Bilingual speech corpus of French and German language learners

We designed a corpus of native and non-native speech for the French-German language pair, with a special emphasis on phonetic and prosodic aspects. To our knowledge there is no suitable corpus, in terms of size and coverage, currently available for this target language pair [9] .

We adopted a two step process to create the corpus. Firstly, a bilingual corpus including all sounds of each language and all speech phenomena of potential interest was recorded from a few speakers (14), and analyzed.
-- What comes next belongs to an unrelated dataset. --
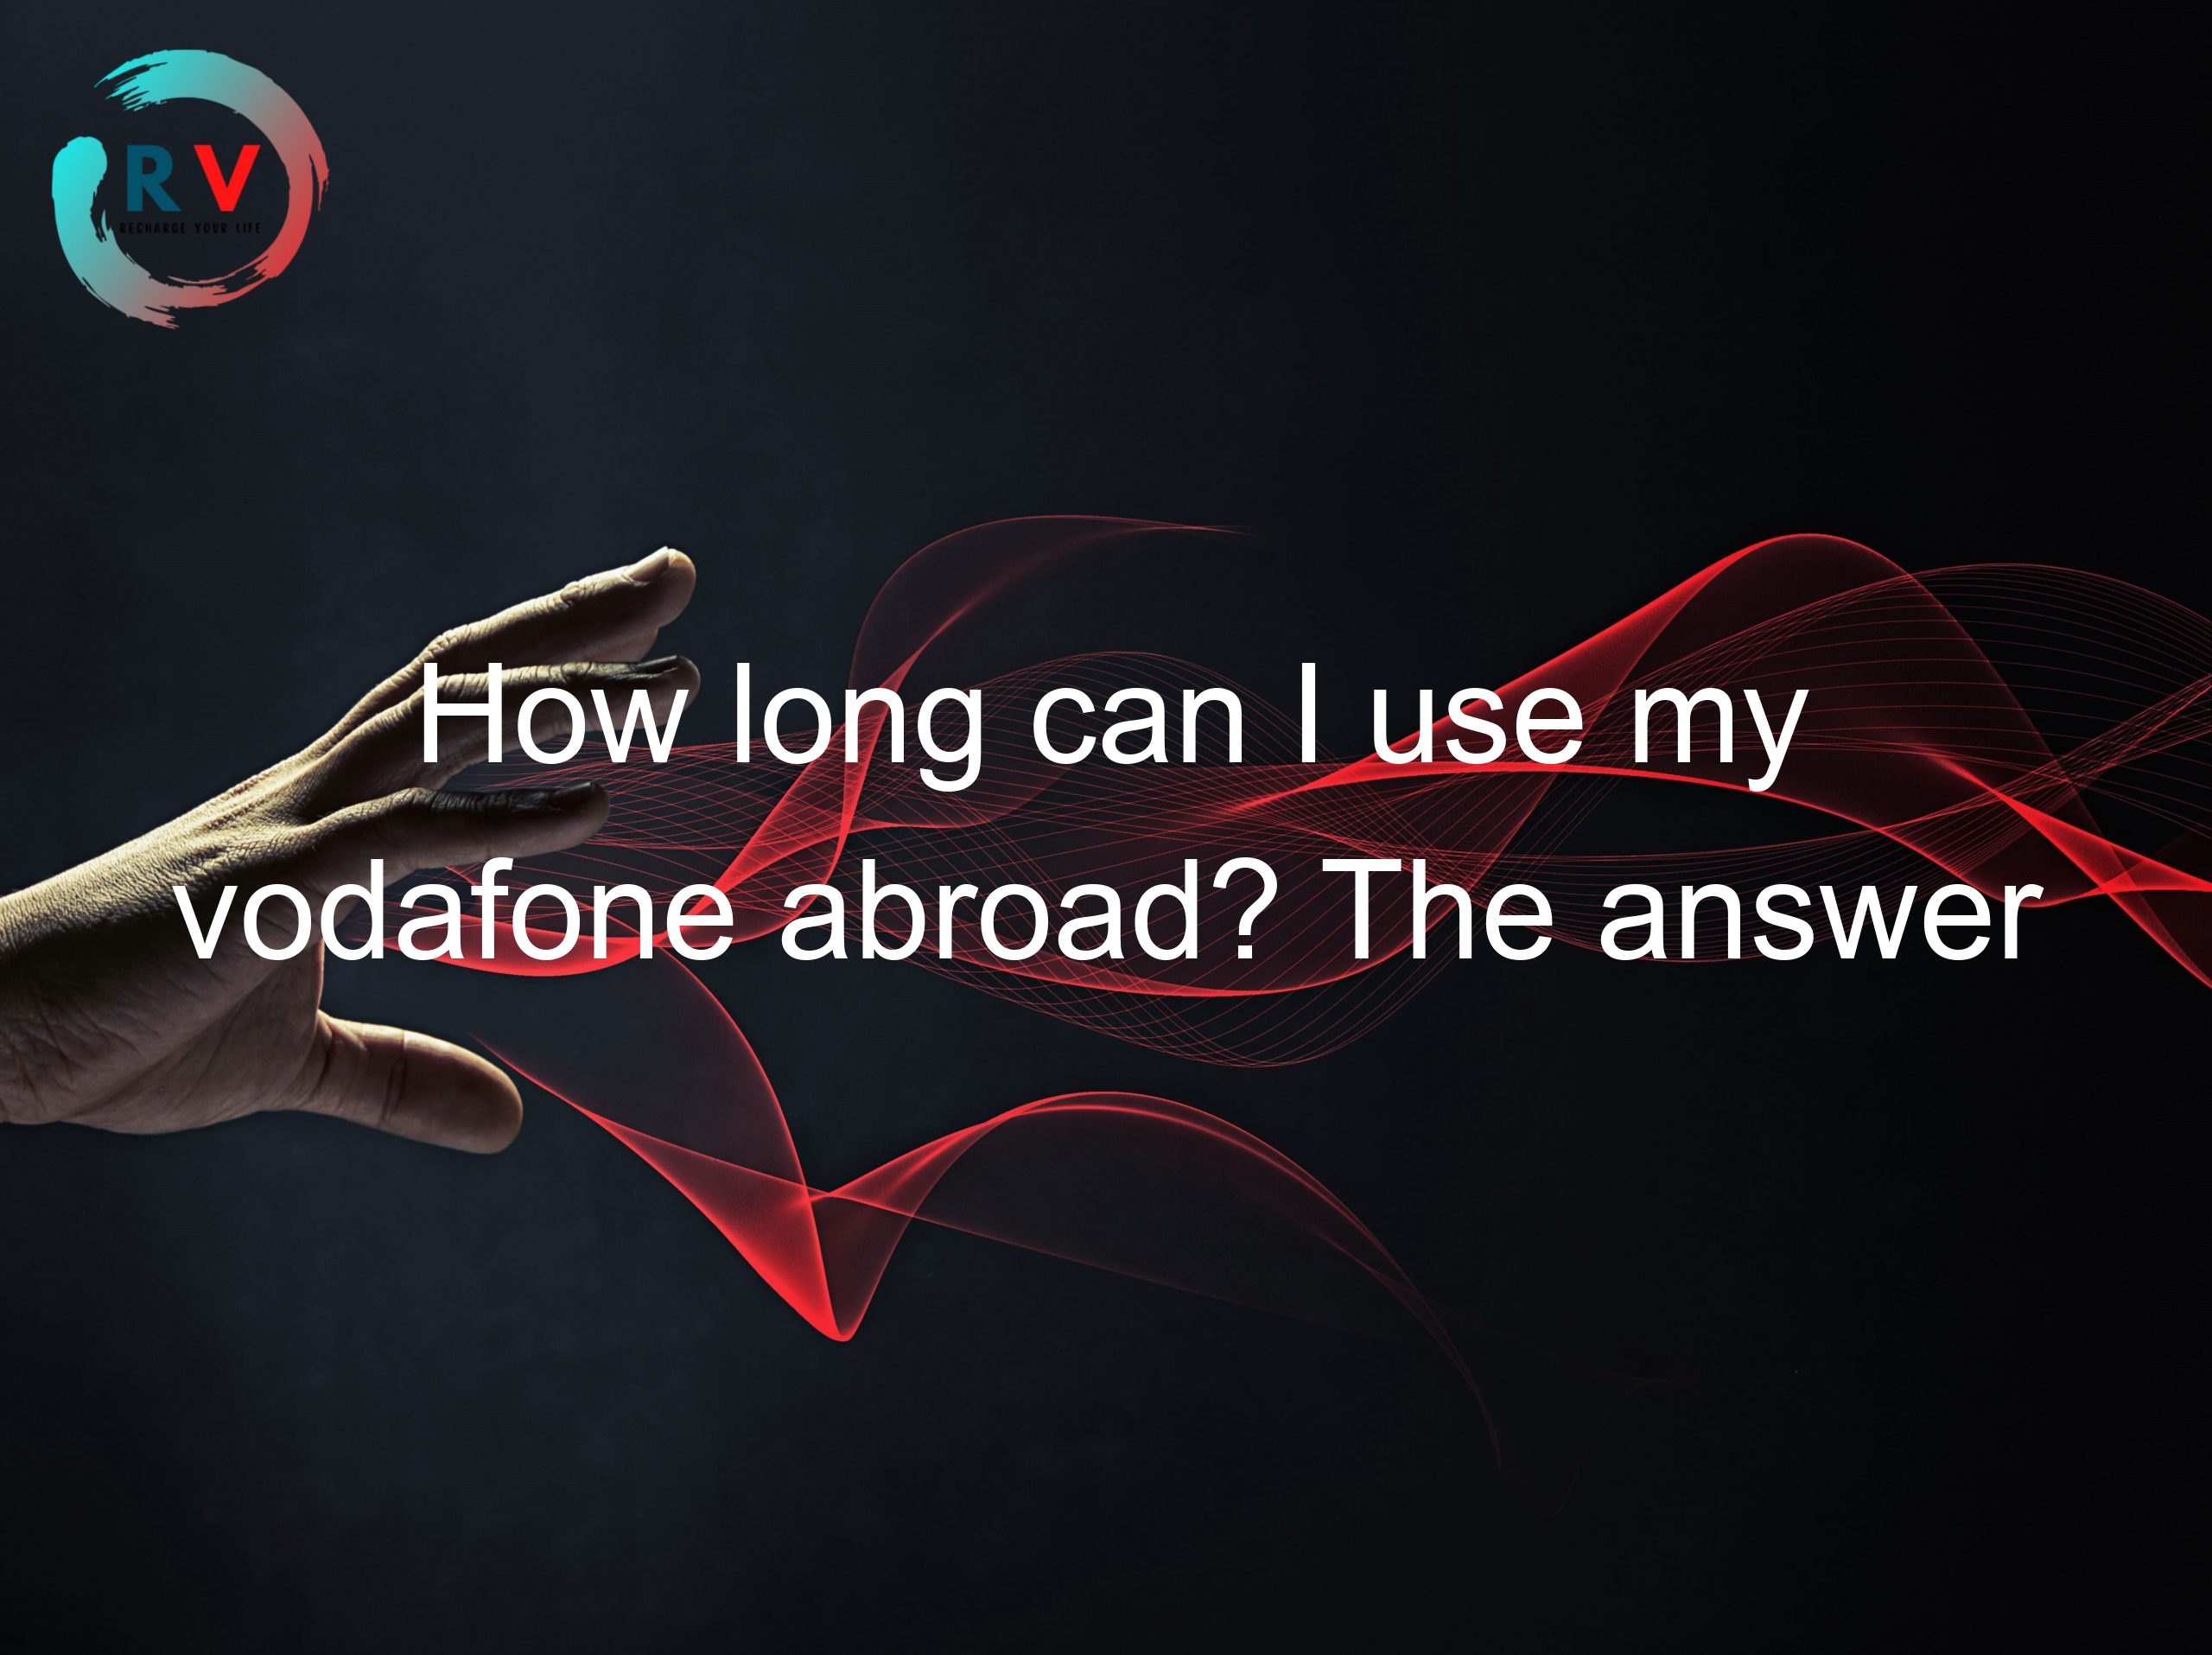 How long can I use my vodafone abroad? The answer may surprise you!
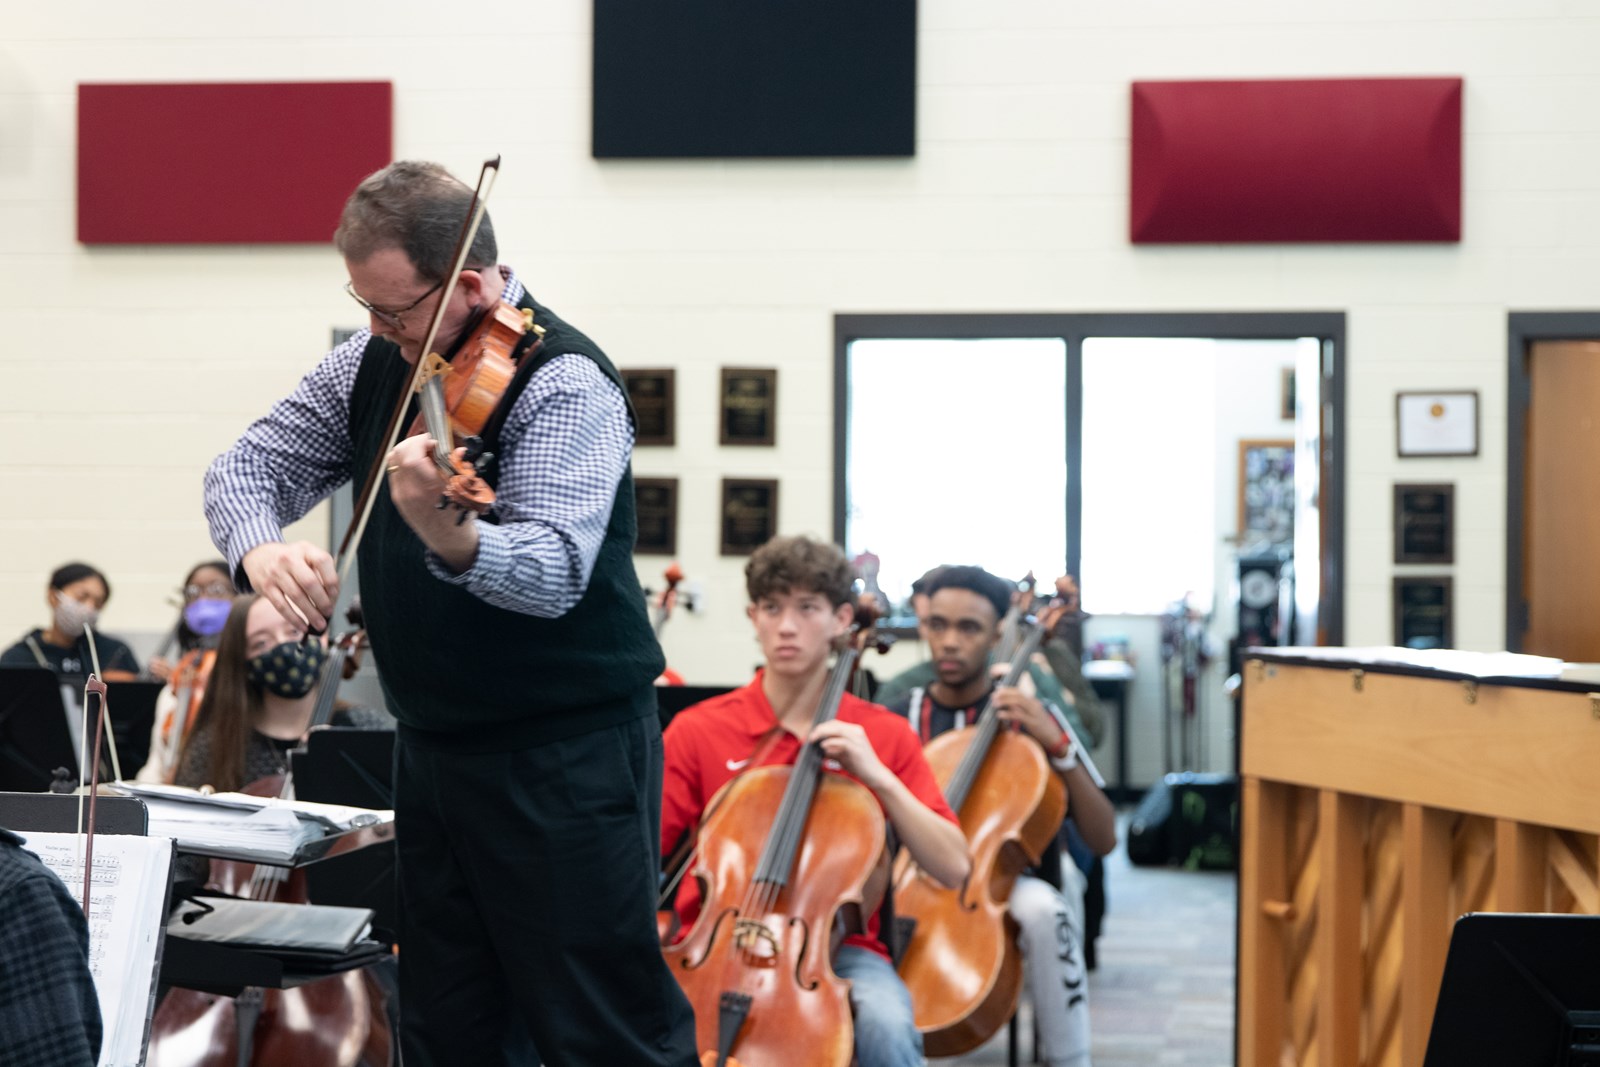 Allatoona%20High%20School%20students%20participate%20in%20James%20Palmer's%20orchestra%20class-34.jpg

Its analysis revealed/confirmed: 1) the existence of special strategies due to sentence reading and sentence listening conditions, 2) the importance of recording duration (the recording sessions should not last more than one hour to avoid subjects’ fatigue), 3) the frequence and importance of some mispronunciations (voicing problems, erroneous presence (or absence) of /h/ for German (or French) non-native speakers, rhythm ...). Secondly, we specified and collected the final corpus [24] , which is focused on the problems revealed by the preliminary corpus. One hundred speakers (50 French and 50 German speakers), beginners and advanced speakers, recorded 60 sentences in their second language and 30 in their native language, which gave a total amount of about 6000 non-native and 3000 native sentence realizations. The sentences were read in two conditions depending upon whether or not the subjects listen to a reference before producing the sentence. A small text as well as sentences devoted to focus analysis completed the corpus. The data was segmented and labelled at word and phone levels by an automatic alignment algorithm elaborated by our team (cf. 6.4.3.2 ). The outputs were then manually checked at the levels of phones and words (phonetic transcription) and corrections were made if necessary. In order to check the homogeneity of the corrections made by the seven annotators, phone boundaries were compared with those achieved by a golden annotator on a few sentences using the CoALT tool.

Devoicing of final obstruents by German learners

We investigated a typical example of L1-L2 interference: the realization of voiced fricatives in final position, where the opposition between voiced and unvoiced consonants is neutralized in German (with a bias towards unvoiced consonants) but not in French. As a consequence, German speakers learning French as a second language often produce unvoiced fricatives in final position instead of the expected voiced consonants. We analysed the production of French voiced fricatives for 40 non-native (beginners and advanced speakers) and 8 native speakers. We measured the ratio of locally unvoiced frames in the consonantal segment and also the ratio of consonantal duration vs. the duration of the preceding vowel. Results showed that the realizations of French fricatives by German speakers varied with speakers, speakers’ level and experimental condition (there were two conditions depending on whether or not the subjects listened to a reference before producing the sentence) [23] . As could be expected we observed a continuum between typically voiced and typically unvoiced realizations, and best level speakers tend to produce more typically French realizations. Our next study will concern the perceptual identification of learners’ realizations and the link between perceptual answers and acoustic cues values.